Die Ergebnisse zeigen, dass Wahlsysteme freier Listen einen negativen Einfluss auf die Wahlbeteiligung haben.Footnote 1 Dieser Befund ist in Einklang mit der Literatur zu den Auswirkungen von personalisierten Wahlsystemen bei nationalen Hauptwahlen (Söderlund 2017). Die Erwartung, dass die kommunale Wahlbeteiligung mit steigender Gemeindegröße abnimmt, kann hingegen nur mit Einschränkung bestätigt werden. Auch kann ein Einfluss des lokalen Parteiensystems nur unter Vorbehalt nachgewiesen werden. Gemeinden mit nationalisiertem Parteiensystem genießen zwar eine höhere Wahlbeteiligung, aber der Effekt ist nur von geringem Umfang und kann lediglich auf der Aggregatdatenebene geschätzt werden. In Einklang mit der Nebenwahlthese (Reif und Schmitt 1980) zeigt sich zudem, dass die Wahrscheinlichkeit der individuellen Wahlteilnahme mit der wahrgenommenen Bedeutung der Kommunalwahlen steigt.

2 Kommunale Wahlbeteiligung: Bisherige Befunde, theoretische Erwartungen und Hypothesen

Die Analyse der Wahlbeteiligung stellt neben der Parteiwahl das zentrale Forschungsfeld der empirischen Wahlforschung dar. Auch wenn der*die Nichtwähler*in ein immer noch „unbekanntes Wesen“ (Althoff 2020) sein mag, liegen mit den mikro- (u. a. Lazarsfeld et al. 1944) und makrosoziologischen Ansätzen (u. a. Lipset und Rokkan 1967), dem sozialpsychologischen Modell (u. a. Campbell et al. 1954) sowie Rational-Choice-Modellen in der Tradition von Downs (1968) etablierte Konzepte und Theorien zur Analyse von Wahlbeteiligung vor (Cabarello 2014).

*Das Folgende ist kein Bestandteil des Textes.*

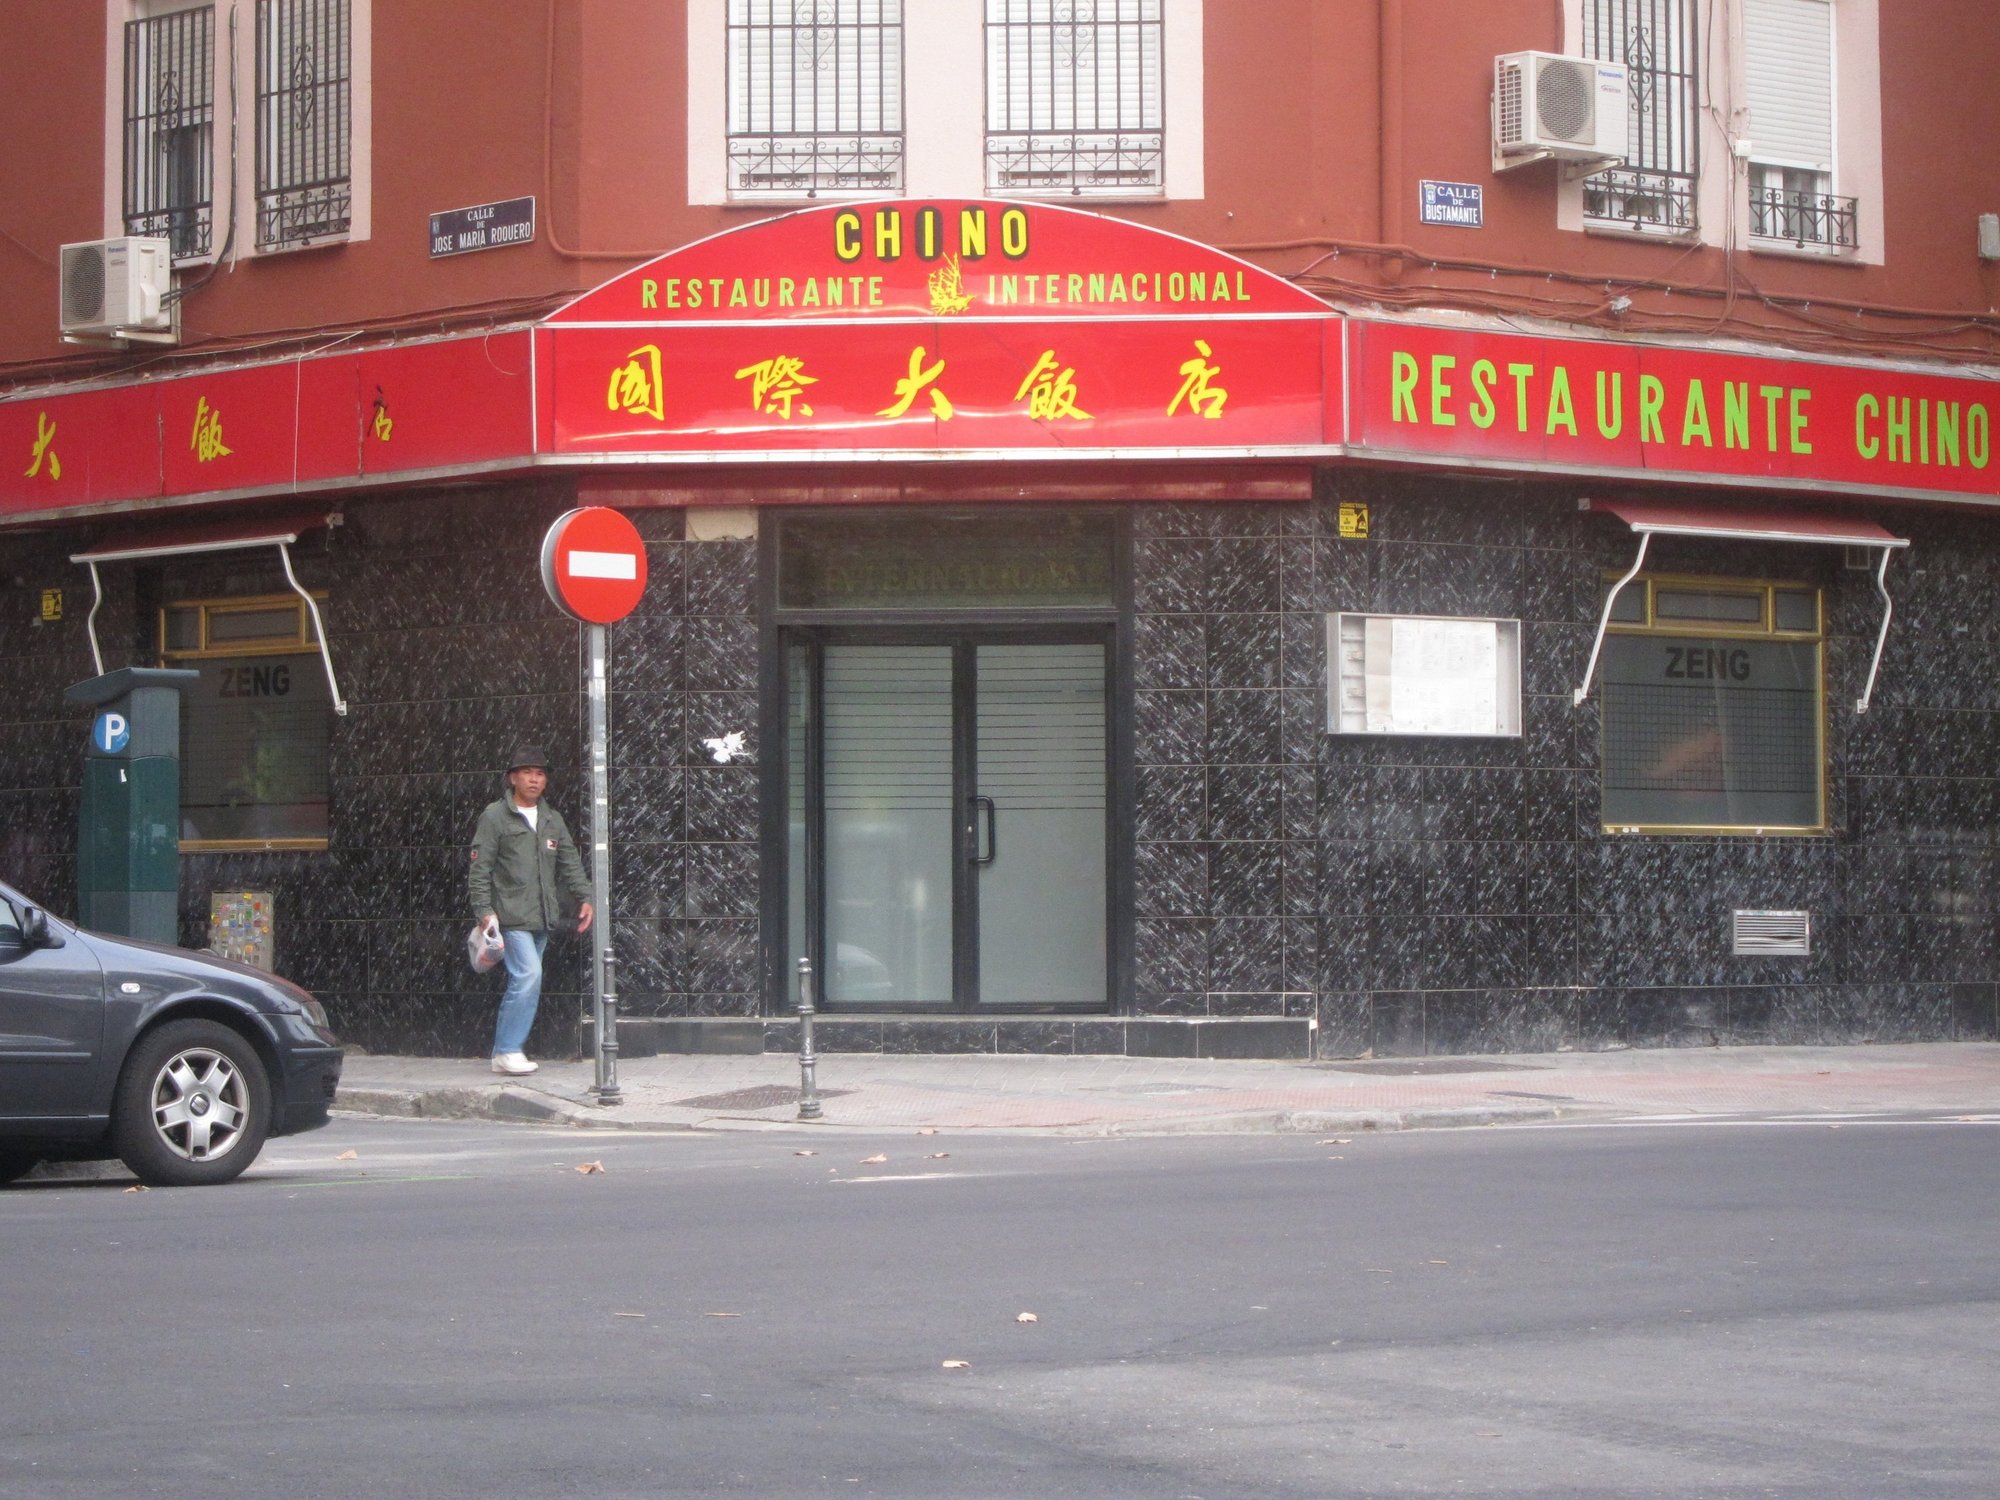 Los inmigrantes chinos rozan el pleno empleo en Madrid, con sólo un 5% de paro

Empirische Studien zur Erklärung der Wahlteilnahme zielen sowohl auf soziodemographische Merkmale als auch auf politische Einstellungen als mögliche Erklärungsansätze ab. Zum einen steigt mit zunehmendem Bildungsgrad (u. a. Sondheimer und Green 2010) und Alter (u. a. Konzelmann et al. 2012) die Wahrscheinlichkeit der Wahlteilnahme. Zum anderen weisen Wähler*innen im Vergleich zu Nichtwähler*innen tendenziell eine stärkere Parteiidentifikation (u. a. Stövsand und Roßteutscher 2019) sowie eine Verinnerlichung der Wahlnorm (u. a. Goerres 2010) auf. Weitere Studien nehmen den Einfluss von institutionellen Rahmenbedingungen, wie z. B. Wahl- und Parteiensysteme, in den Blick (siehe u. a. Pardos-Prado et al. 2014; Grofman und Selb 2010). Zunächst weisen Wahlen, die Verhältniswahlsysteme nutzen, im Vergleich zu Wahlen mit Mehrheitswahlsystemen tendenziell eine höhere Wahlbeteiligung auf (Ladner und Milner 1999). Weitere Studien legen einen Zusammenhang zwischen der Wahlbeteiligung und der Anzahl an Parteien nahe (u. a. Grofman und Selb 2010). Ebenfalls wichtige Einflussfaktoren sind eine gesetzliche Wahlpflicht (u. a. Martinez i Coma 2016) sowie Vorschriften zur Registrierung der Wähler*innen (u. a. Cancela und Geys 2016).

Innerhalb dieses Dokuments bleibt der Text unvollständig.